*** Supplied material ***

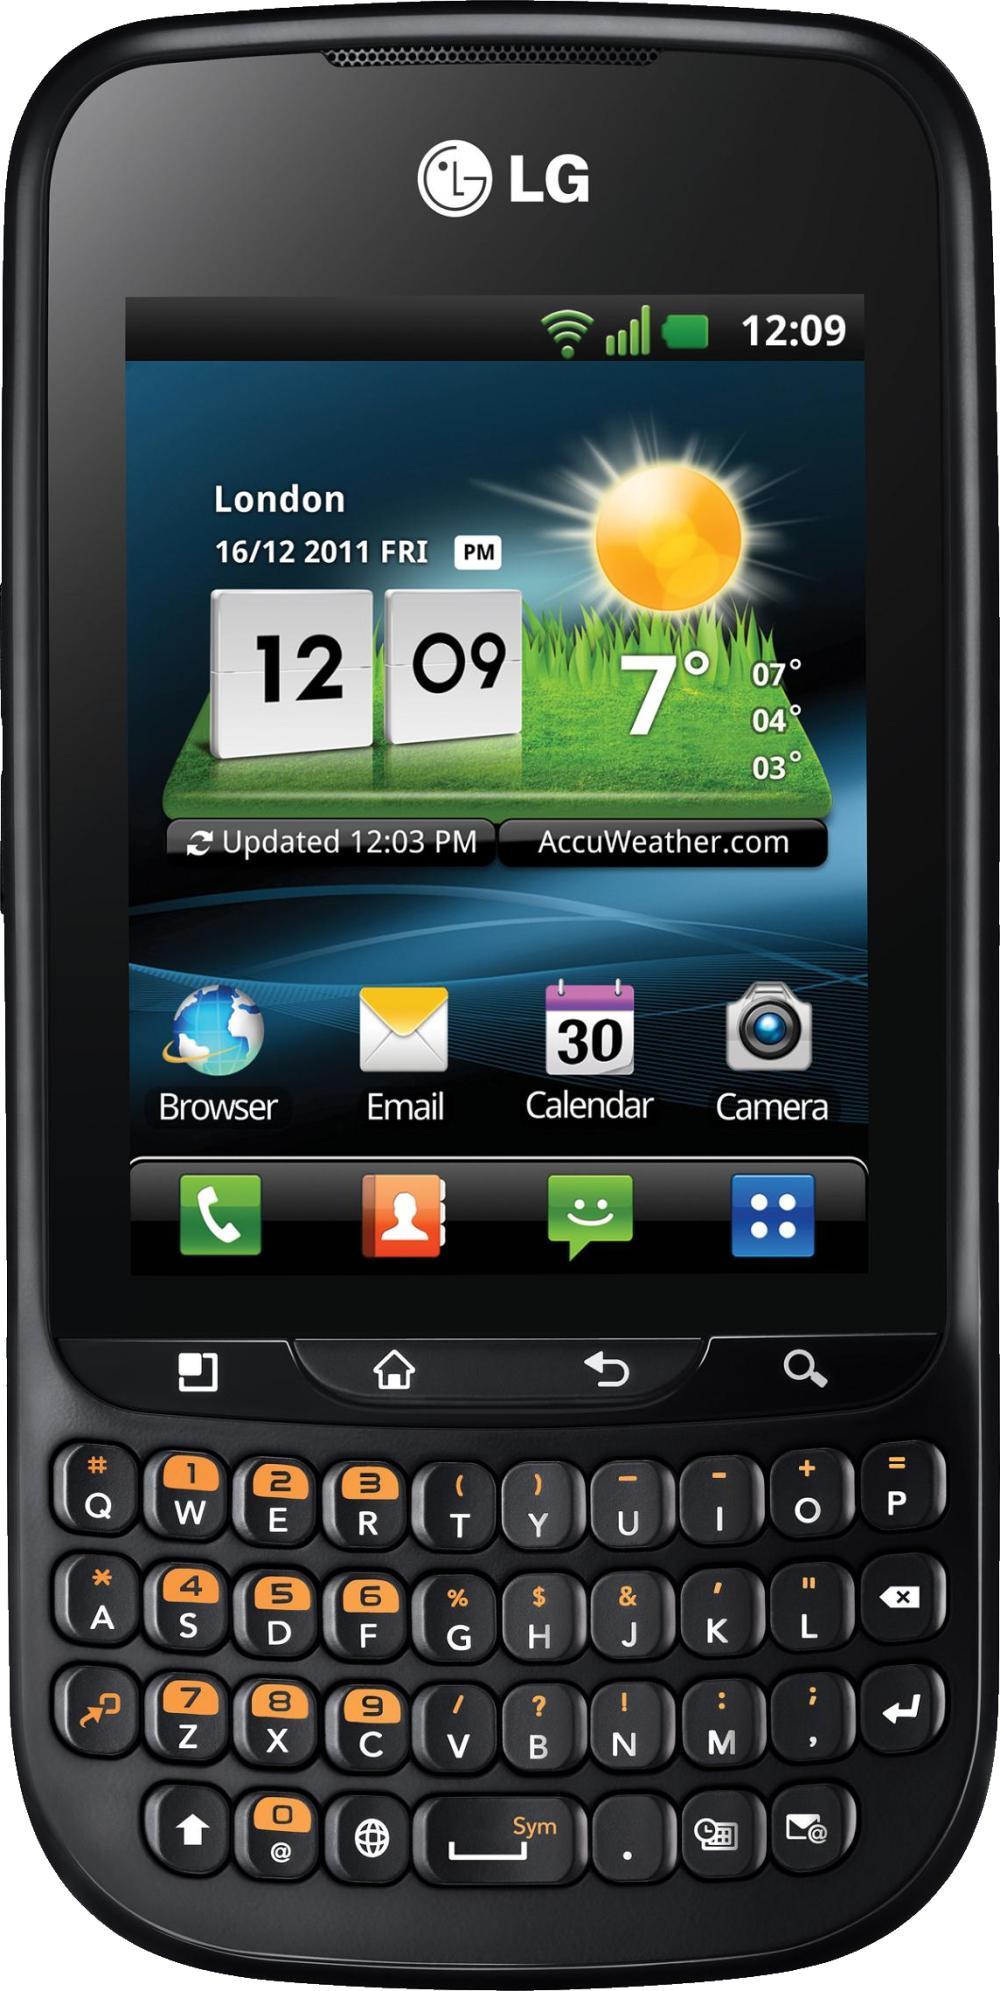 LG Gossip Pro C660
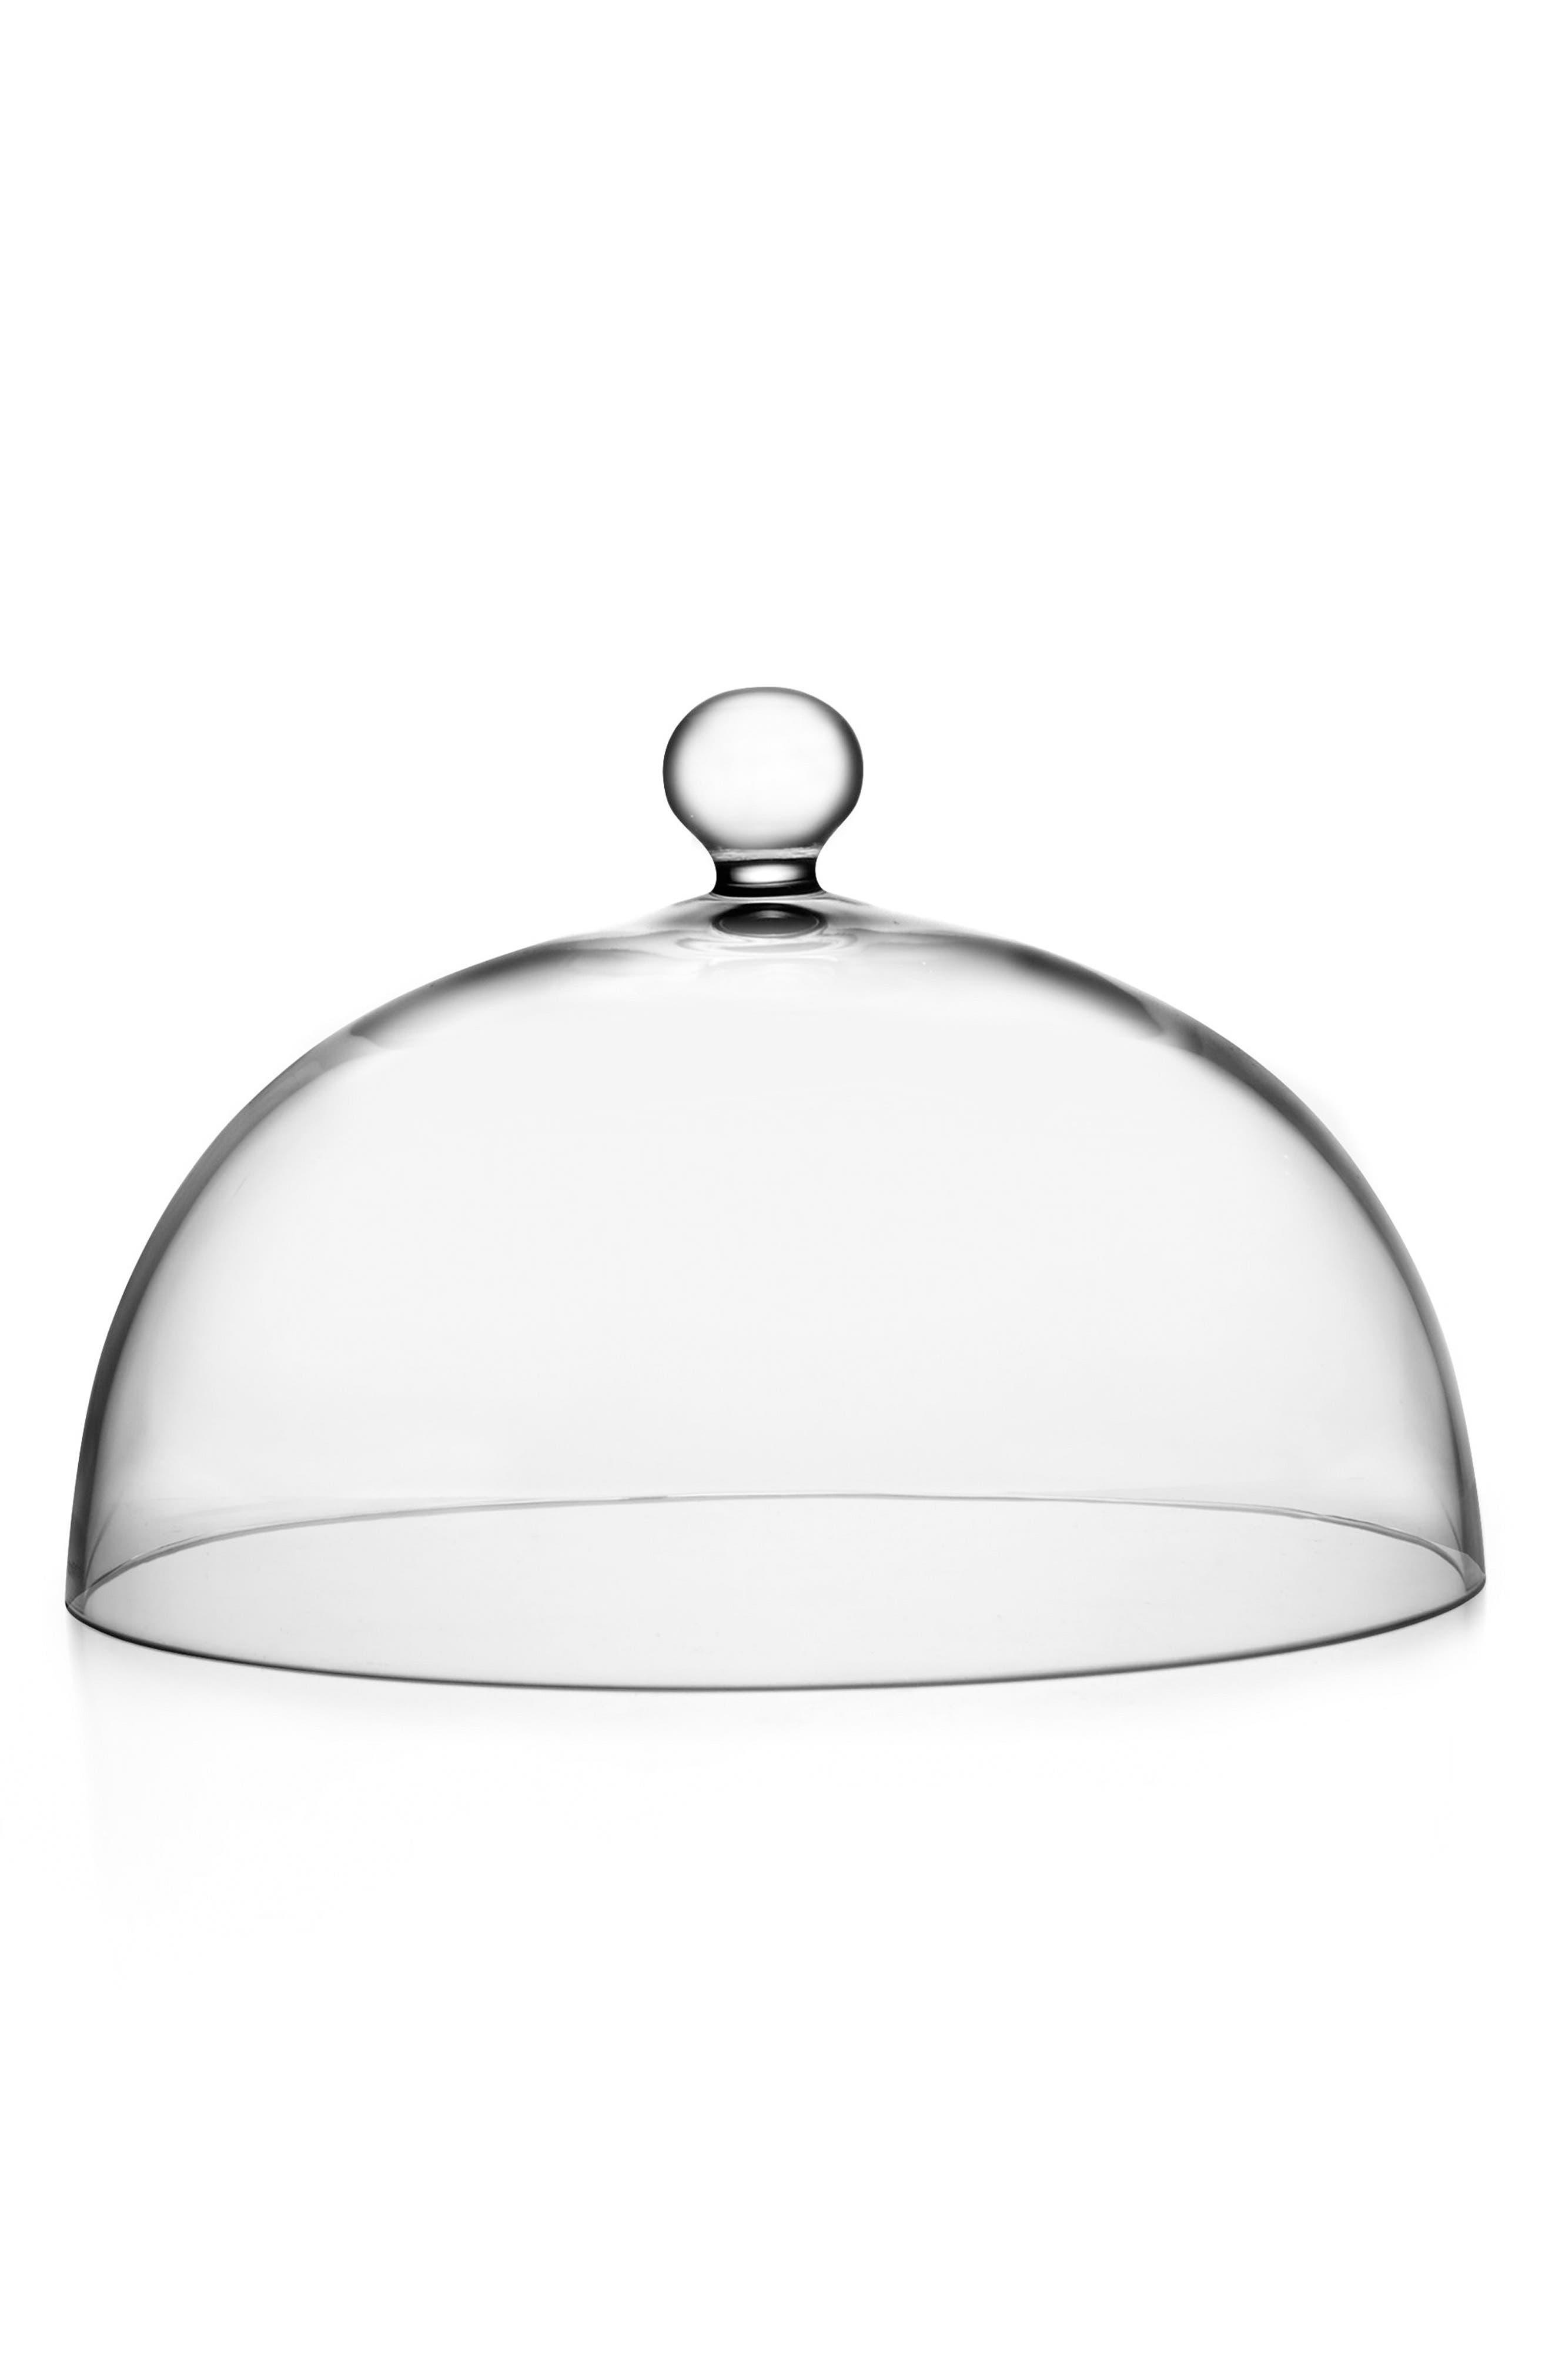 Main Image - Nambé Moderne Large Cake Dome
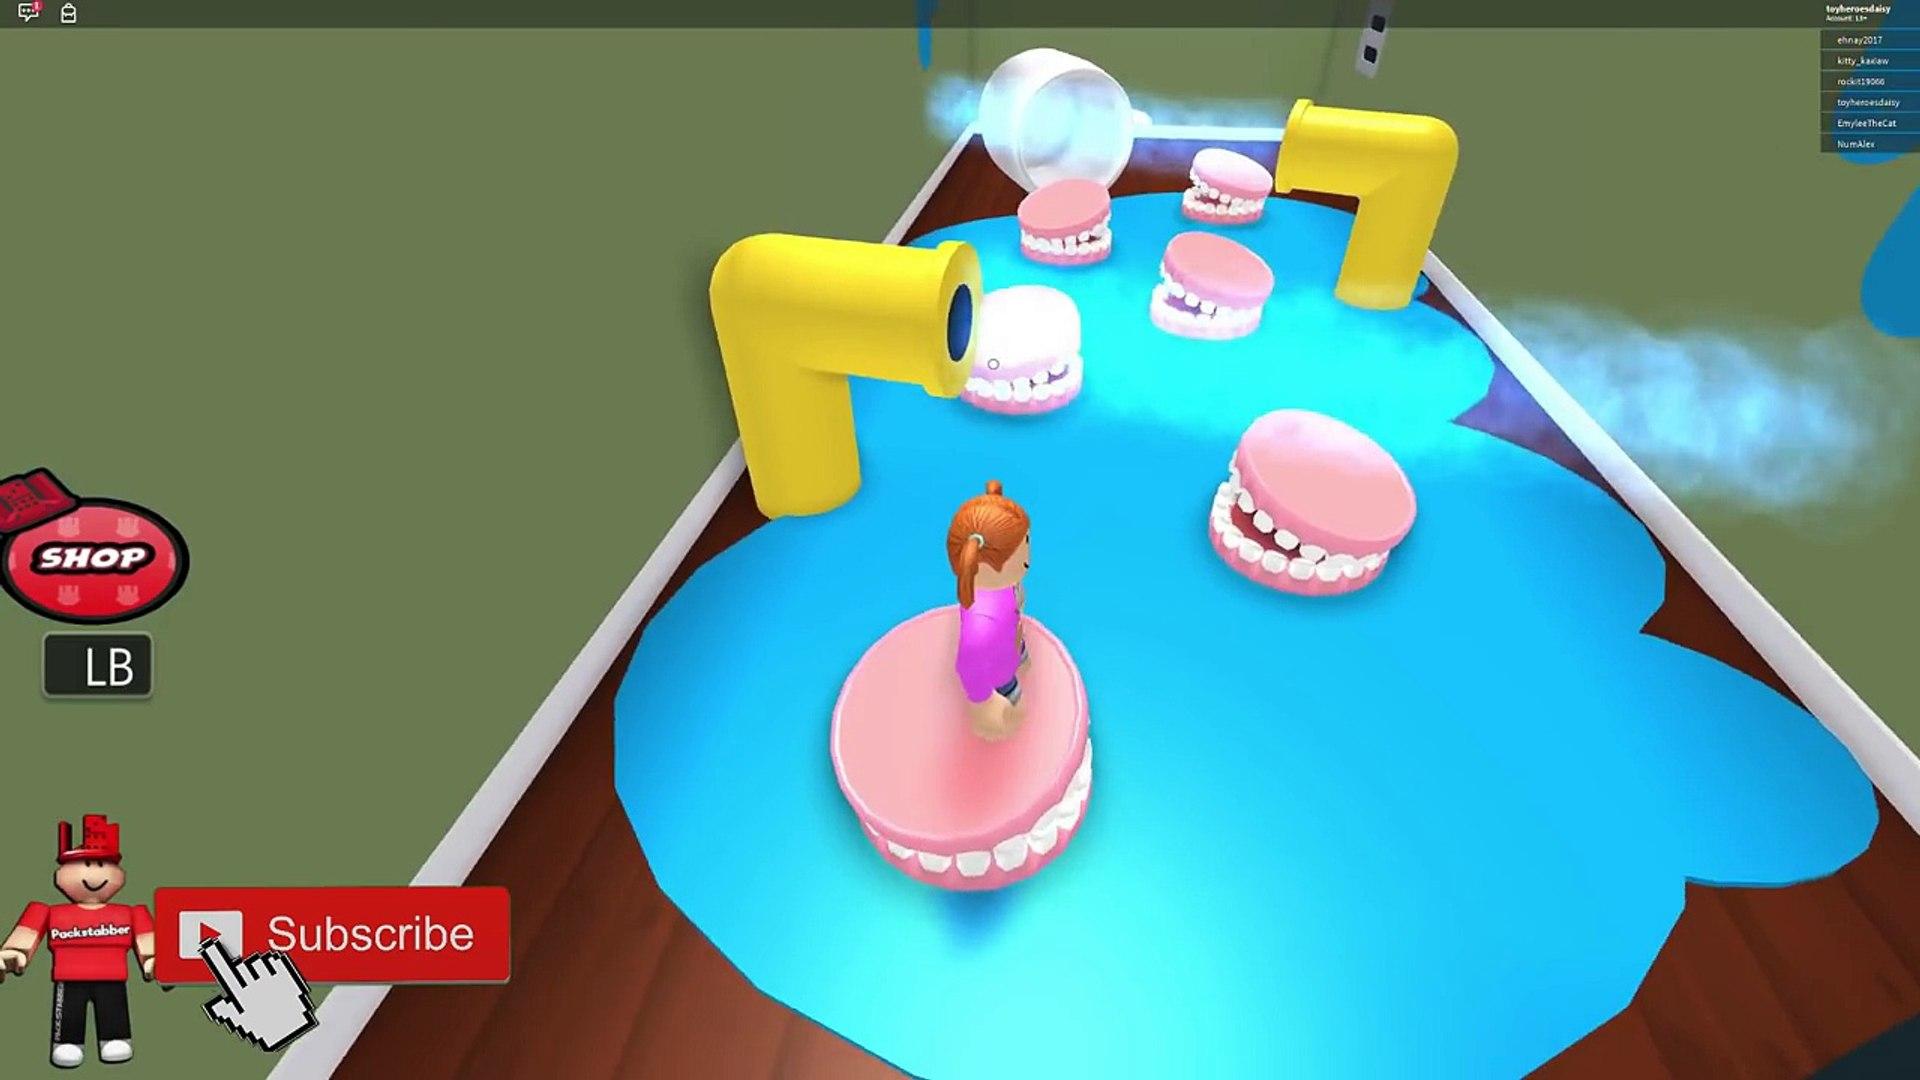 Roblox Escape Grandmas House Obby With Daisy - sis vs bro roblox granny youtube

*** End of Supplied material ***

Aim of the exercise
Leave the pictures out, and print every line of the listing exactly as written.

Output
 LG Gossip Pro C660
 Main Image - Nambé Moderne Large Cake Dome
 Roblox Escape Grandmas House Obby With Daisy - sis vs bro roblox granny youtube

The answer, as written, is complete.